第六十五章難忘的夜晚在「高貴」的明子面前,織田始終無法擺脫作為「手下人」的心裡陰影,他對我的心理始終是矛盾的。
他對我又恨又怕:恨我,所以要殺我;怕我,所以無法殺我。
因為幾次相鬥,我和織田之間產生了私人恩怨,而同時,我又是明子未來的丈夫,這讓織田的身份更加尷尬。

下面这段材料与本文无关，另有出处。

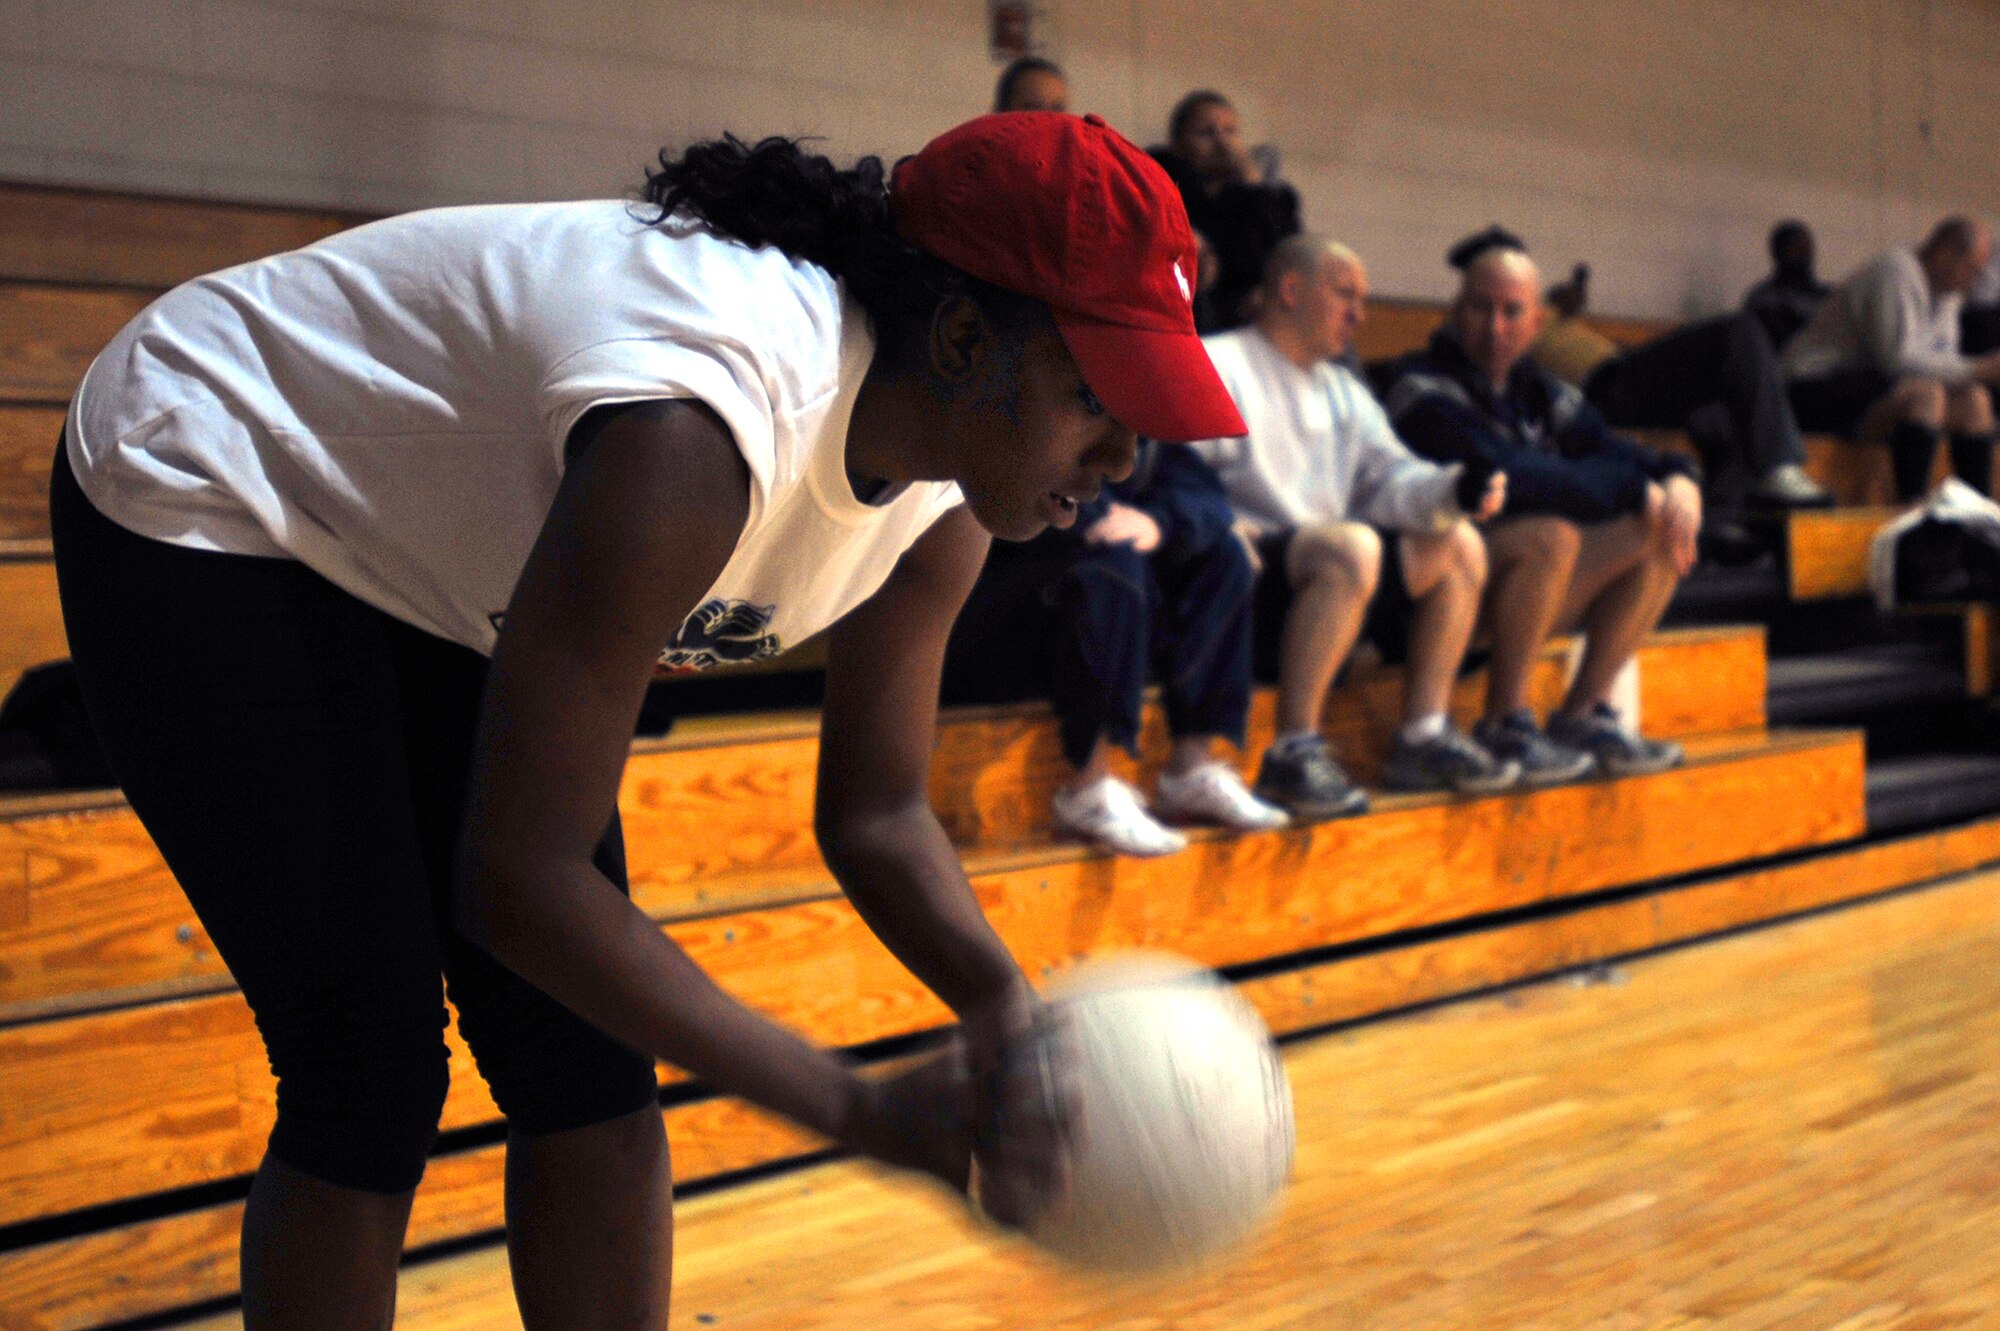 Senior Airman Kristina Overton, 51st Fighter Wing public affairs specialist and Osan Junior Enlisted Council president, prepares to serve in the Battle of the Tiers volleyball tournament at the Osan Fitness Center on Osan Air Base, Republic of Korea, March 29, 2013. This was the first time the teams from organizations across the base participated in the single-elimination tournament. (U.S. Air Force photo/Senior Airman Alexis Siekert)

在現代社會里,竟然還會存在這種主僕關係,簡直不可思議。
織田的腦袋一定是京都的石頭做的。
本想打電話告訴馨雨今晚不回來,但她似乎不會關心這種事情,於是打消這個念頭。
我從壁櫥裡取出被褥,鋪在塌塌米上,卻絲毫沒有睡意。
開啟門,外面的雨還是嘩嘩啦啦地下個不停,遠處有幾條銀色的閃電在空中揮舞,彷彿要將天空下的慕尼黑劈成兩半。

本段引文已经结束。